Pulingome is a village in Kannur District of Kerala state, India.

Location
Pulingome is a village located in Cherupuzha Grama Panchayat, in the Kannur district in northern Kerala. Located between the Western Ghats and the Karnataka forest, It is 76 km away from Kannur and 37 km from Payyanur.

Demographics
As of 2011 Census, Pulingome village which spreads over an area of  had total population of 10,672 which 5,237 males and 5,435 females. Total number of households were 2,631 in the village limits. Population of children in the age group 0-6 was 1,014 (9.5%) where 518 are males and 496 are females. Pulingome village had overall literacy of 94% where male literacy was 95.4% and female literacy was 92.8%.

History
The name Pulingome is believed to be originated from a huge tamarind tree (Puli) located at the riverside on the way to nearby village Palavayal.

Pulingome was under the rule of Mushika dynasty of Ezhimala during the Sangha Age.
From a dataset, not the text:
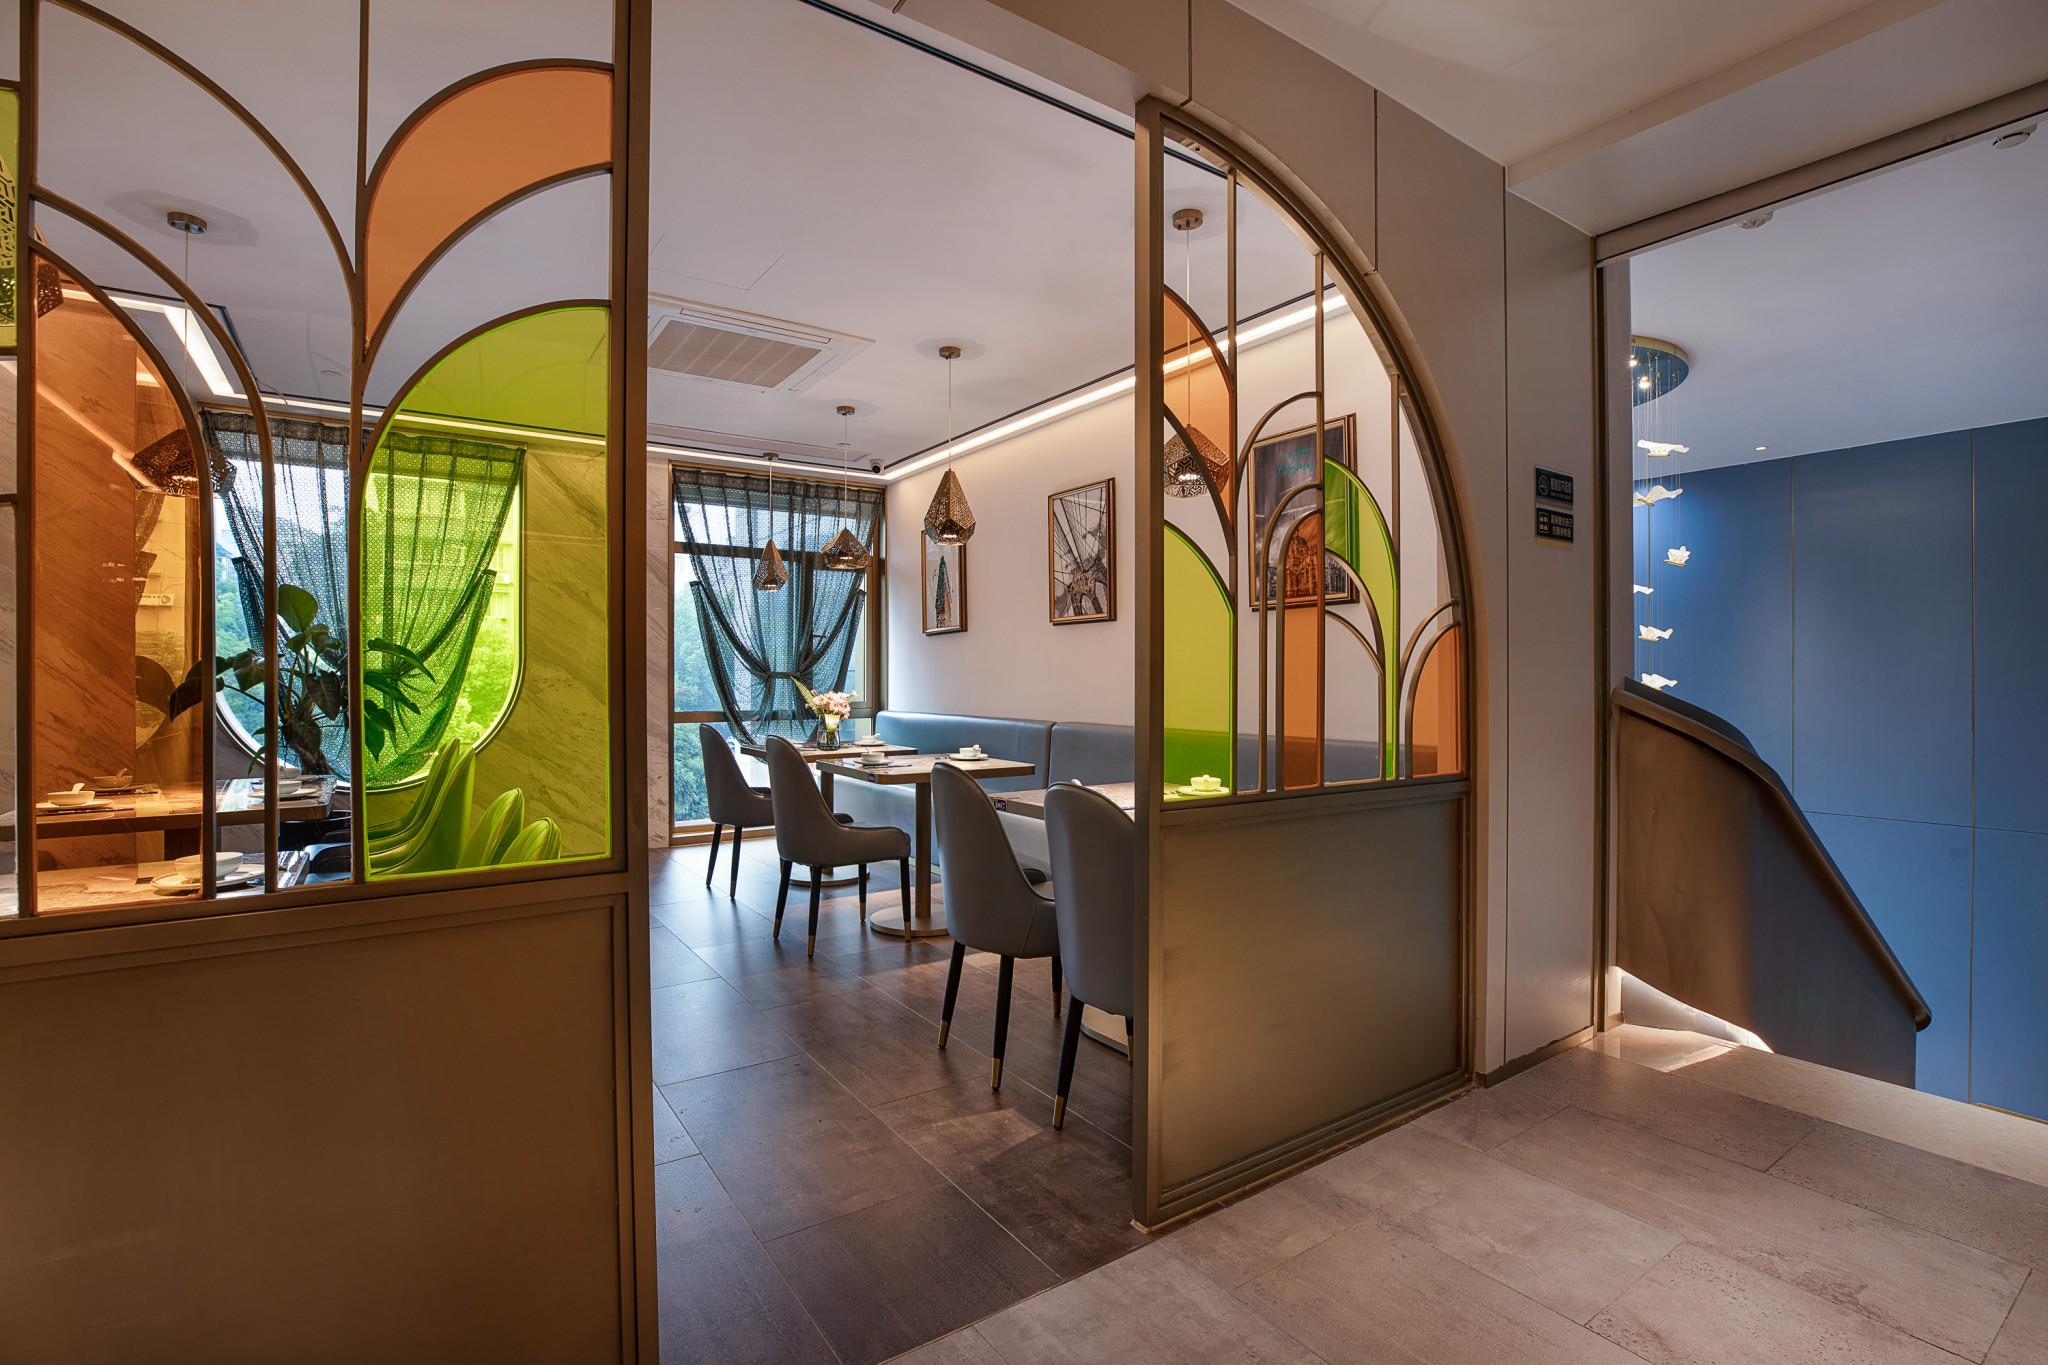 品味回西北菜餐厅设计-杭州餐厅设计-杭州达岸品牌策划设计公司26389ad2282b90e4fc73934a8fd13db0
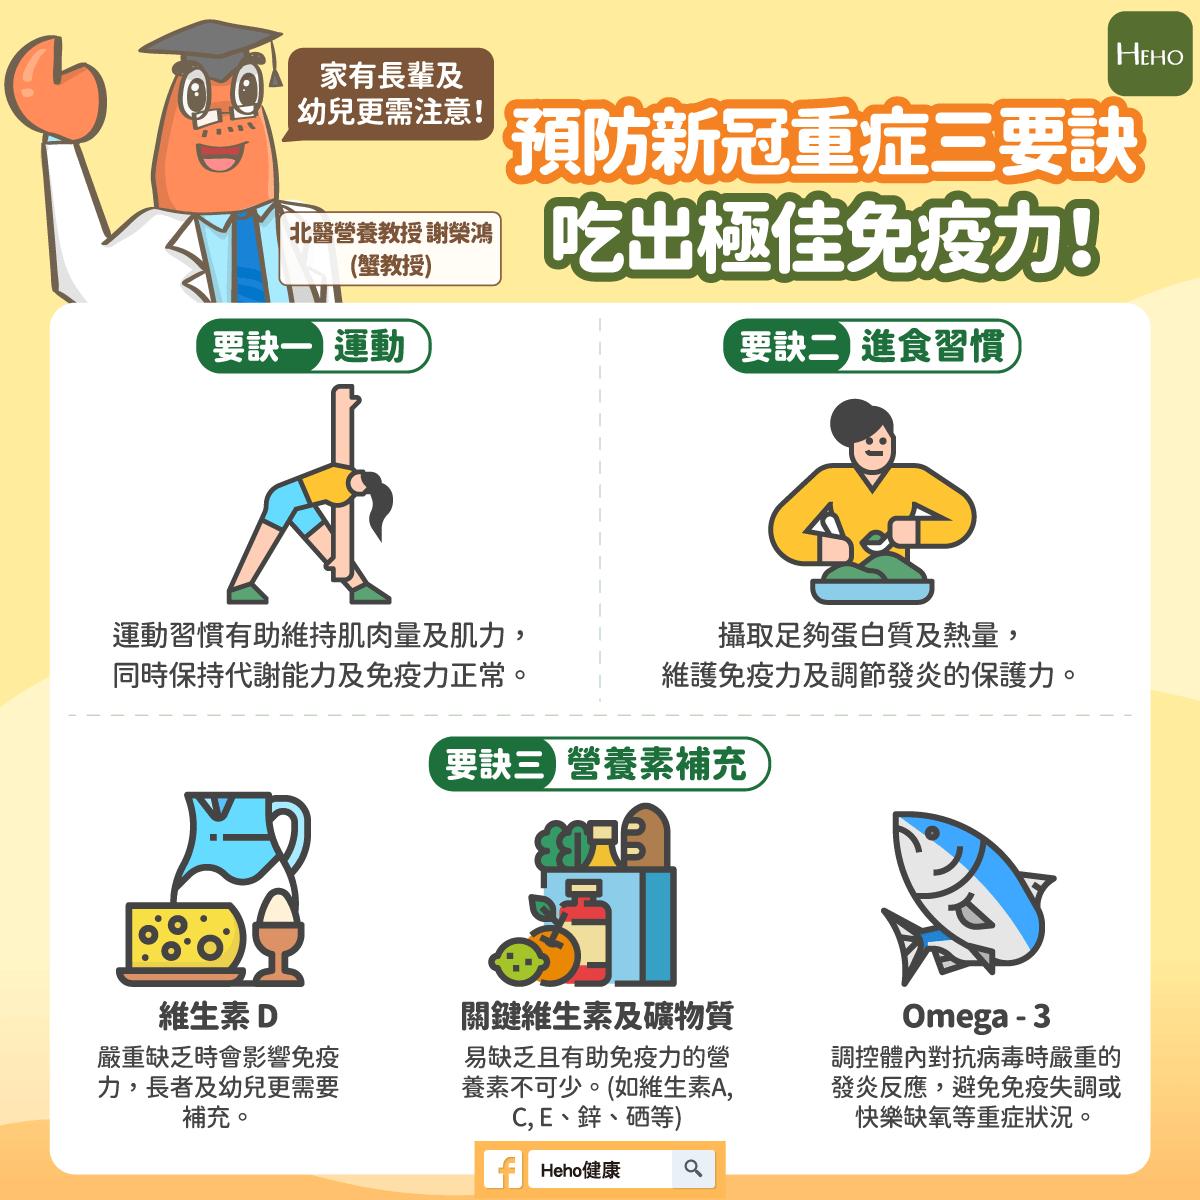 圖解_預防新冠重症三要訣_謝榮鴻教授

Later, this became part of "Kolathunadu" under Chirakkal dynasty. Pulingome had a well established society and a rich culture all through its history. The ancient Sree Sankaranarayan temple here is believed to be set up by "Parasuram". The Pulingome Makham were two holy men of Islam, were buried some 1300 years ago and the remaining of a temple in the Karnataka forest near the border are examples of Pulingome’s cultural heritage. Later with the invasion of Tippu these regions were brought under Mysore kingdom and after Tippu’s death the region was under British rule. The Kamballur Kottayil Nambiar clan were the landlords of the Pulingome village and surrounding areas up until land reform in Kerala in the 1960s.

Institutions

 Pulingome Makhaam

The famous Pulingome Makham is in this village which is a holy shrine for Muslims. Muslim believers from different parts of Kerala especially from the neighbouring districts of Kasaragod, Kozhikode, Wayanad and from Karnataka state are visiting here for their spiritual Contentment. There is a yearly celebration called Pulingome Makham Uroos which will be participated by large number of people coming from different parts of Kerala and Karnataka. A peculiarity of the Mosque is that the landlord Kamballur Kottayil family (a Hindu Nambiar clan) is consulted even today before scheduling the Urs festivities. This is a testament to the age-old bond between the Mappilas of the area and the feudal Hindu families of the region.

 Kottathalachi Mount

The famous Kottathalachi Mount is  in this village. It is located at around 2500 feet above the sea level. There is a Cross and a small shrine at the top of the hill. From Good Fridays onwards there is way of the cross offers talking to many. Cherupuzha - Pulingome - Kottathalachi is the shortest and most direct route to Mount Kottathalachi. 

 Sankaranarayana Temple- originally under the jurisdiction of the Kamballur Kottayil clan.
 St Joseph’s Church, Vazhakundam 
This Roman Catholic Church was built in 1954 by the Christians migrated from Central Travancore.

Transportation
The national highway passes through Perumba junction. Goa and Mumbai can be accessed on the northern side and Cochin and Thiruvananthapuram can be accessed on the southern side. The road to the east of Iritty connects to Mysore and Bangalore. The nearest railway station is Payyanur on Mangalore-Palakkad line. 
Trains are available to almost all parts of India subject to advance booking over the internet. There are airports at Kannur, Mangalore and Calicut. All of them are international airports but direct flights are available only to Middle Eastern countries.